Question 6. In a development plan of a city, a contractor has taken a contract to construct certain houses for which he needs building materials like stones, sand etc. There are three firms A, B, C that can ripply him these materials. At one time these firms A, B, C supplied him 40, 35 and 25 truck loads of stones and 10, 5 and 8 truck loads of sand respectively. If the cost of one truck load of one and sand is Rs 1200 and Rs 500 respectively, then find the total amount paid by the contractor each of these firms A, B, C respectively.
Answer: We need to organize the quantities supplied by each firm and the cost per truck load into matrices.
The quantity matrix (Q) shows the truck loads of stones and sand supplied by each firm:

So, the quantity matrix Q is:
\[ Q = \begin{bmatrix} 40 & 10 \\ 35 & 5 \\ 25 & 8 \end{bmatrix}_{3 \times 2} \]
The cost matrix (C) represents the price per truck load for stones and sand:
\[ C = \begin{bmatrix} 1200 \\ 500 \end{bmatrix}_{2 \times 1} \]
To find the total amount paid to each firm, we multiply the quantity matrix Q by the cost matrix C.
Amount paid by contractor \( = QC \)
\[ = \begin{bmatrix} 40 & 10 \\ 35 & 5 \\ 25 & 8 \end{bmatrix} \begin{bmatrix} 1200 \\ 500 \end{bmatrix} \]
Now, we perform the matrix multiplication:
\[ = \begin{bmatrix} (40 \times 1200) + (10 \times 500) \\ (35 \times 1200) + (5 \times 500) \\ (25 \times 1200) + (8 \times 500) \end{bmatrix} \]
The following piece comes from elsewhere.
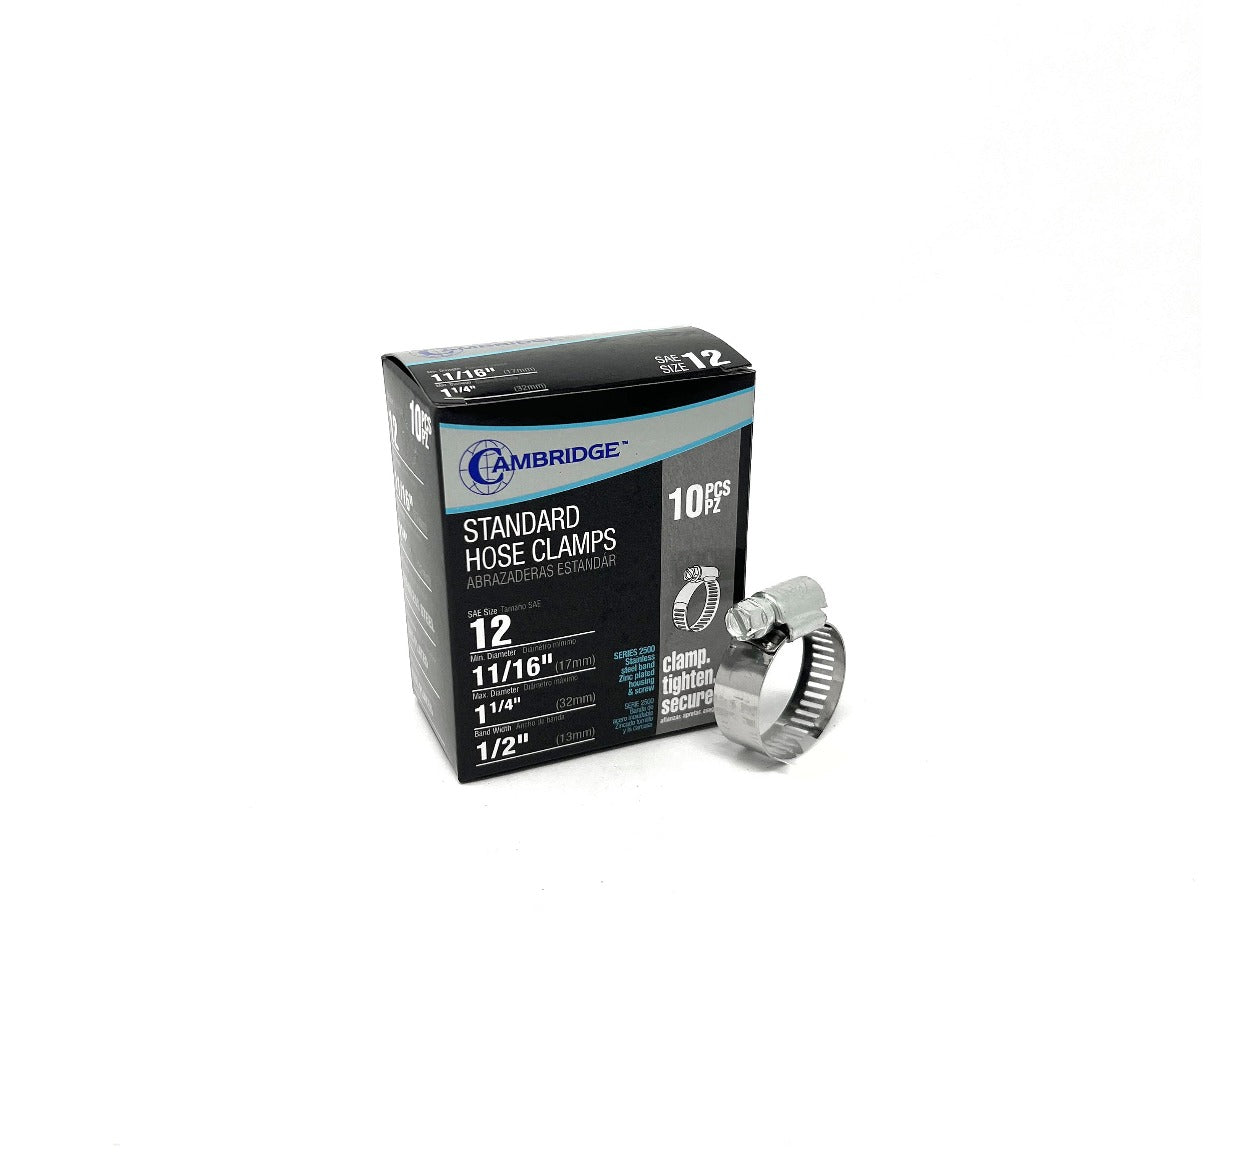 #12   11/16 TO 1 1/4 STANDARD HOSE CLAMP (Box of 10)

\[ = \begin{bmatrix} 48000 + 5000 \\ 42000 + 2500 \\ 30000 + 4000 \end{bmatrix} \]
\[ = \begin{bmatrix} 53000 \\ 44500 \\ 34000 \end{bmatrix} \]
Therefore, the contractor paid Rs 53,000 to firm A, Rs 44,500 to firm B, and Rs 34,000 to firm C. This matrix approach streamlines the calculation of costs from multiple suppliers.
In simple words: We make a list of how many trucks of stones and sand each company gave. Then, we make another list of how much one truck of stones and one truck of sand costs. Multiplying these lists helps us find out the total money paid to each company.

🎯 Exam Tip: Clearly define your quantity and cost matrices, paying attention to their dimensions. Ensure that the number of columns in the quantity matrix matches the number of rows in the cost matrix for valid multiplication.